Женщина опустила голову:
— Собирайся, милый…
— Я не поеду, я не хочу на заимку! — всхлипывал найденыш.
Поймав на себе взгляд Зотникова, урядник занес ногу на опечек. В тот же миг в избе послышалось грозное рычанье, и Делбек с вздыбленной шерстью вылез из-под кровати.
Полицейский поспешно подобрал ноги и крикнул с печи:
— Уйми тигру-то!
Женщина вытолкала собаку за дверь и, роняя слезы, стала одевать Кирика. Слез с печки и Янька. Пробираясь боком мимо Зотникова, он проблеял по-овечьи: «бэ-э-э», и, посмотрев сердито на заимщика, показал язык.
— Ну чистый разбойник растет, весь в отца! — поднимаясь с лавки, сказал Евстигней уряднику.
— Яблоко от яблони недалеко падает, — ухмыльнулся тот.
Подхватив плачущего мальчика, Евстигней с полицейским вышли из избы. Пара лошадей взяла на крупную рысь и скрылась из виду.
Кирика поместили вместе с Иваном Чугунным в избе, где жил когда-то Прокопий.
Новый работник Зотникова, Чугунный, был человек угрюмый. Никто не знал его прошлого. Шла молва, что в Сибирь он попал за убийство, бежал с каторги и, скрываясь в горах, наткнулся на Евстигнея. Что заставило Зотникова приютить беспаспортного бродягу, так и осталось тайной.

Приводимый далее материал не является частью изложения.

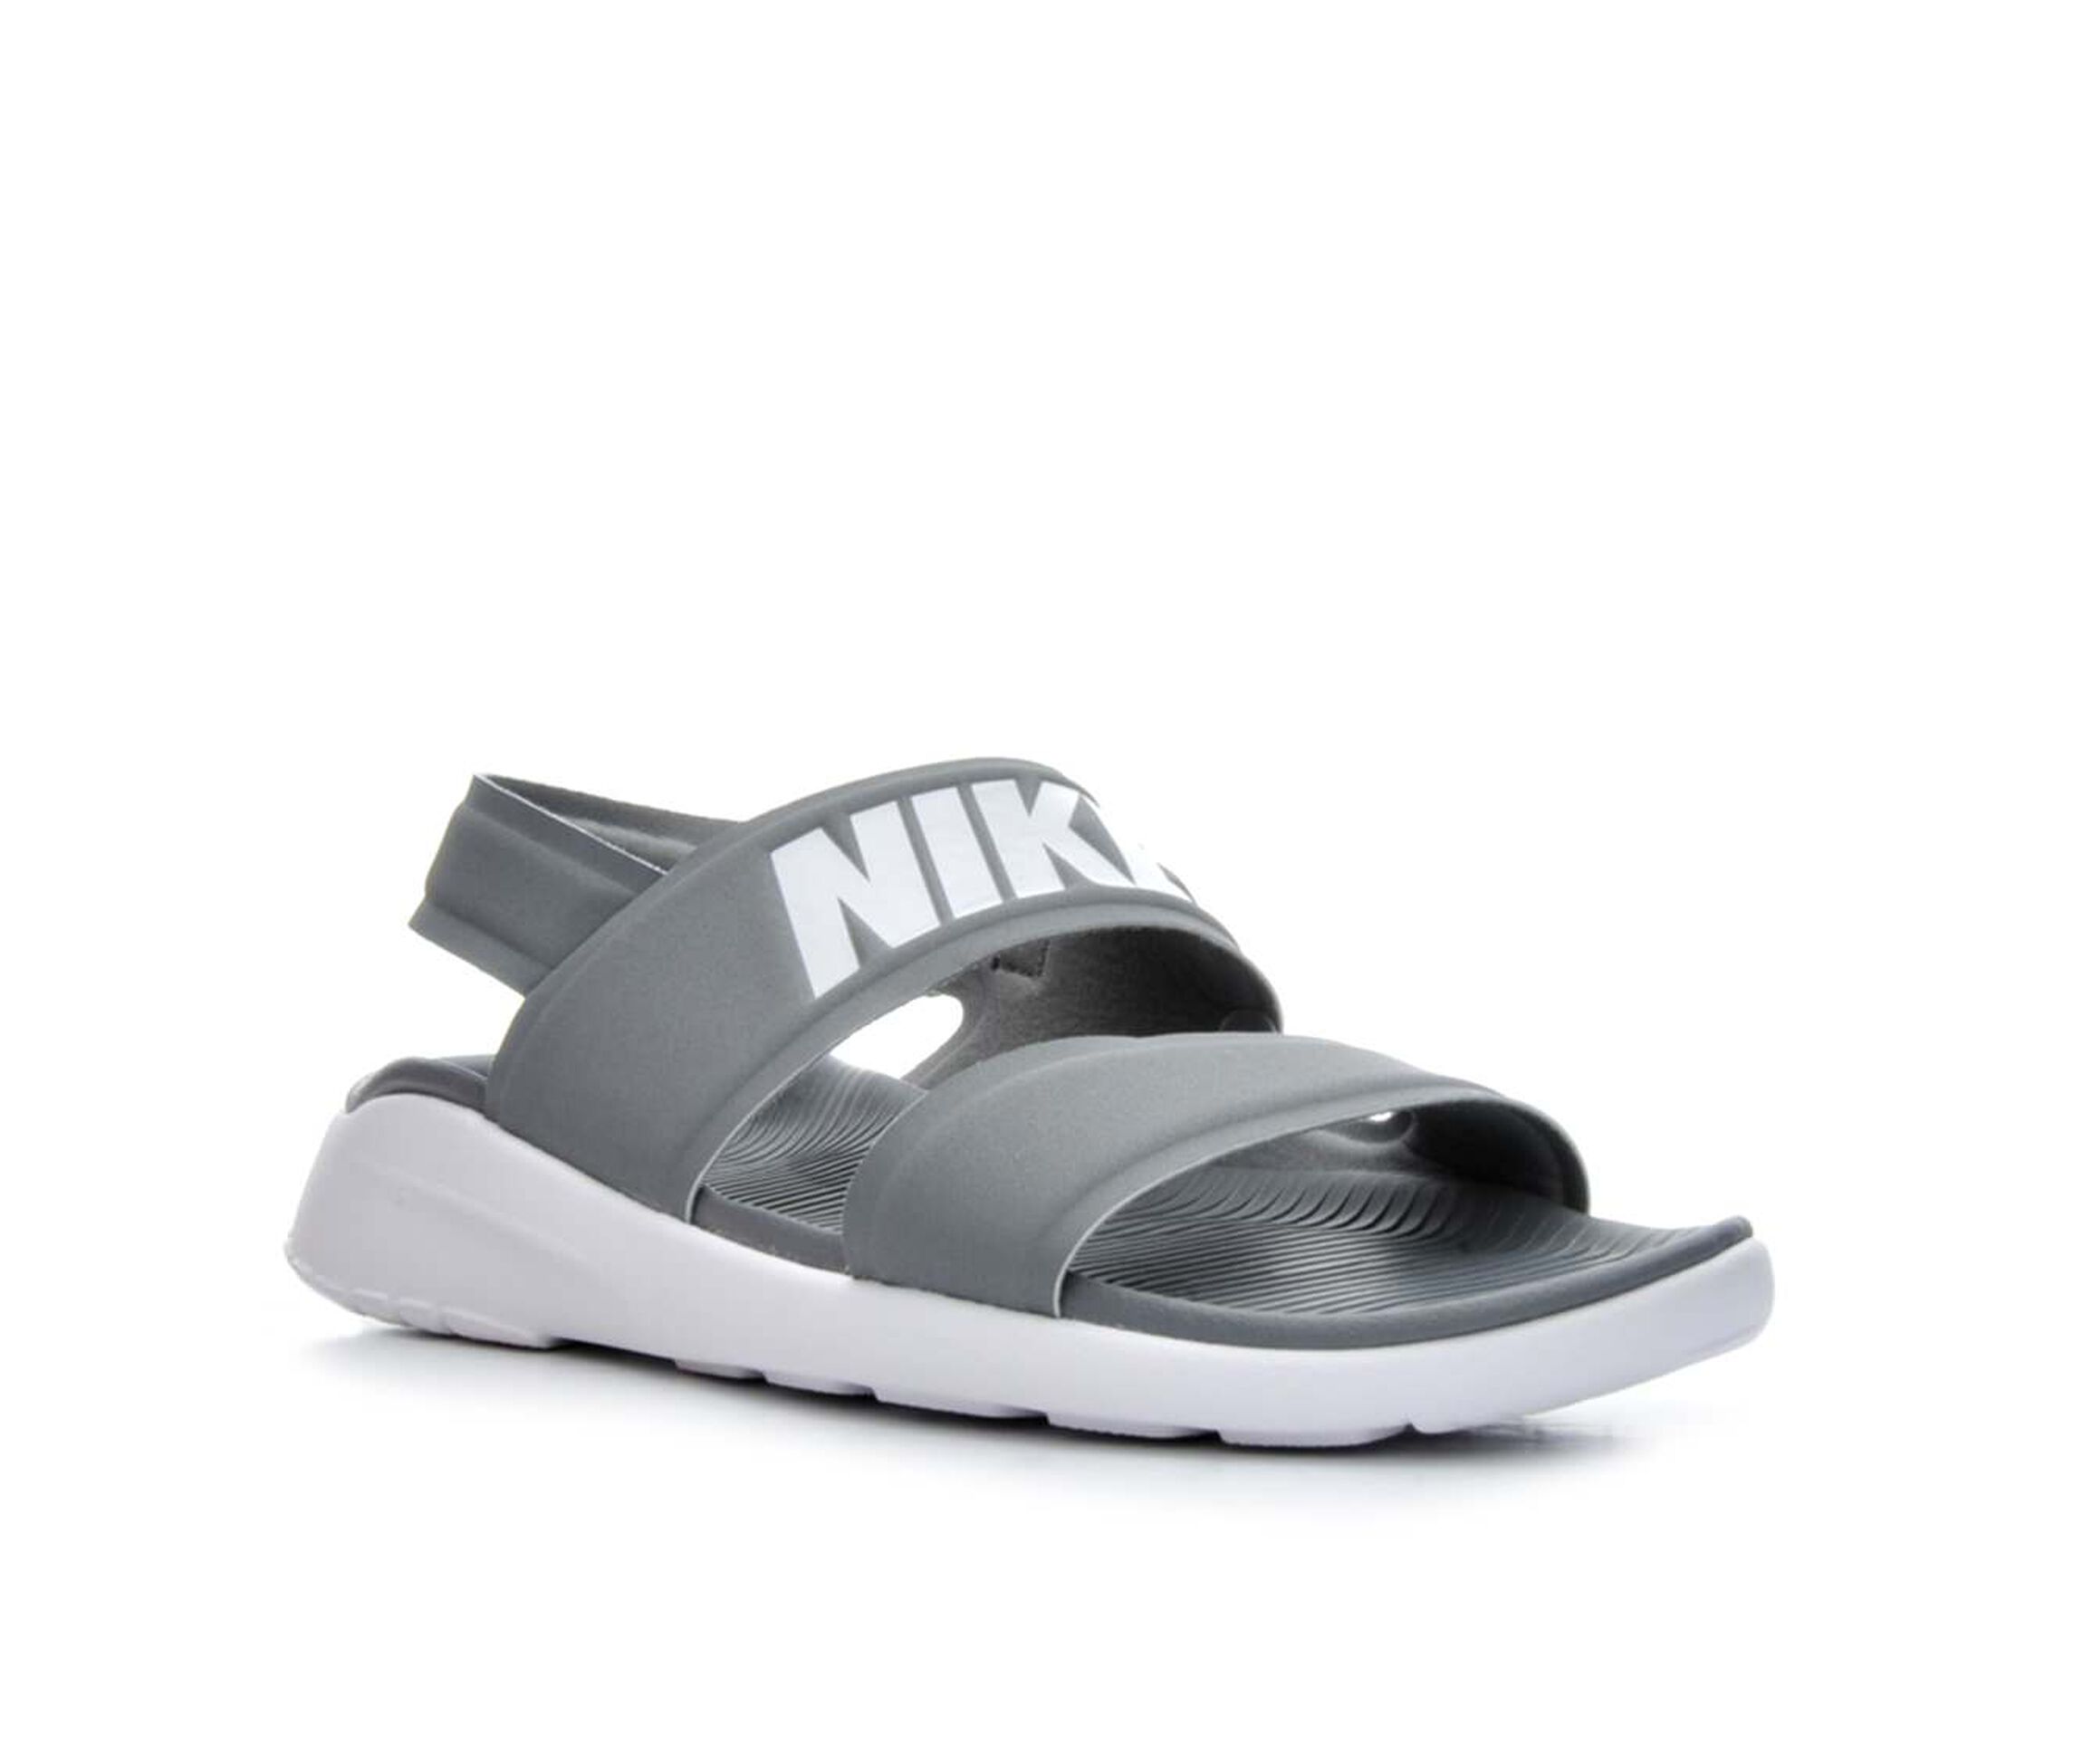 grey nike tanjun sandals
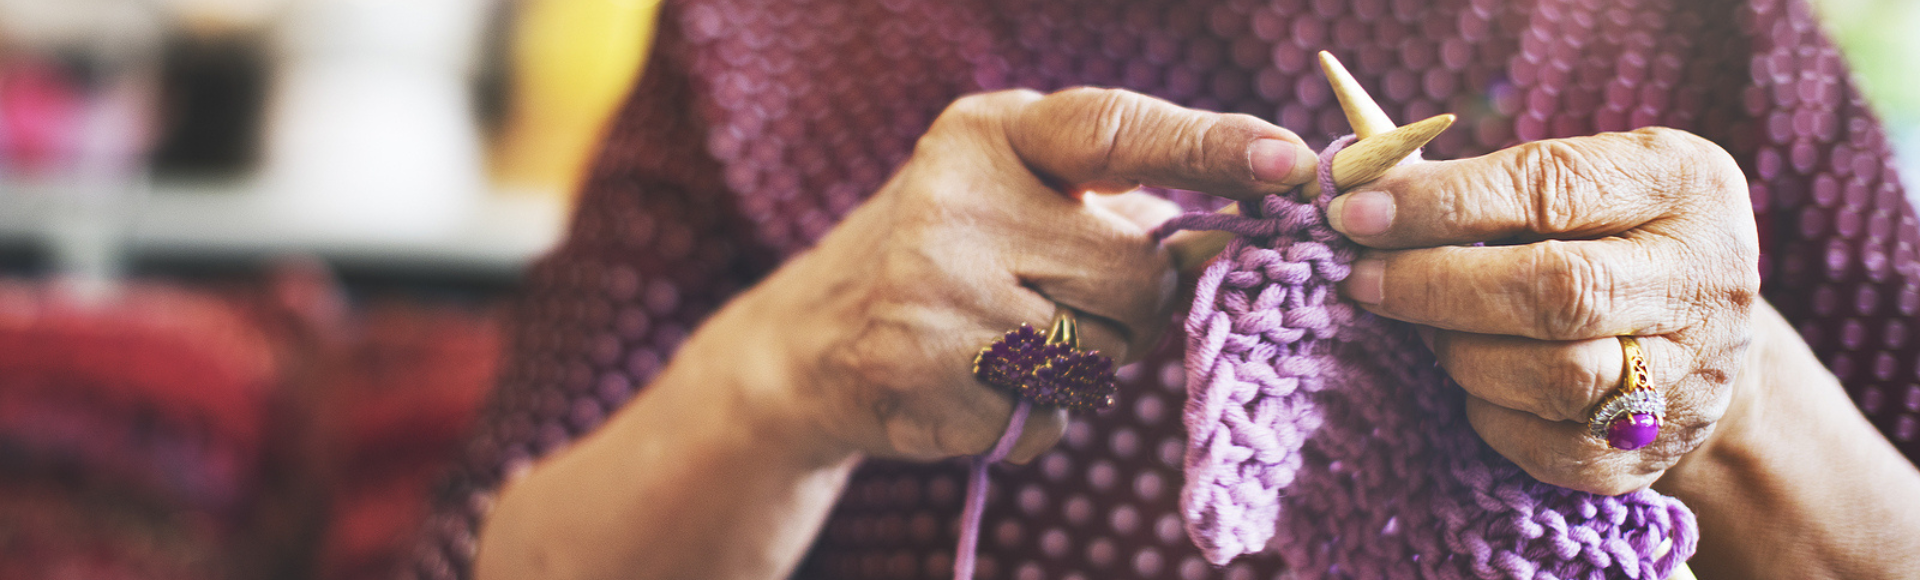 Hands knitting purple scarf

Кирик боялся его. Иногда работник приходил от Евстигнея пьяный и, растянувшись на кровати, где единственной подстилкой была солома, храпел на всю избу. За окном выла метель, сотрясая убогую постройку. Забившись в угол полатей, мальчик дрожал от страха. Среди ночи Чугунный просыпался, зажигал коптилку и, нашарив в полутьме недопитую бутылку, жадно припадал к ее горлышку. Выпив, бросал посуду на пол и нетвердыми шагами бродил из угла в угол.
— Кирька!
Мальчик сидел не шевелясь.
Волосатая рука Чугунного тянулась на полати и, схватив испуганного найденыша, стаскивала его на пол.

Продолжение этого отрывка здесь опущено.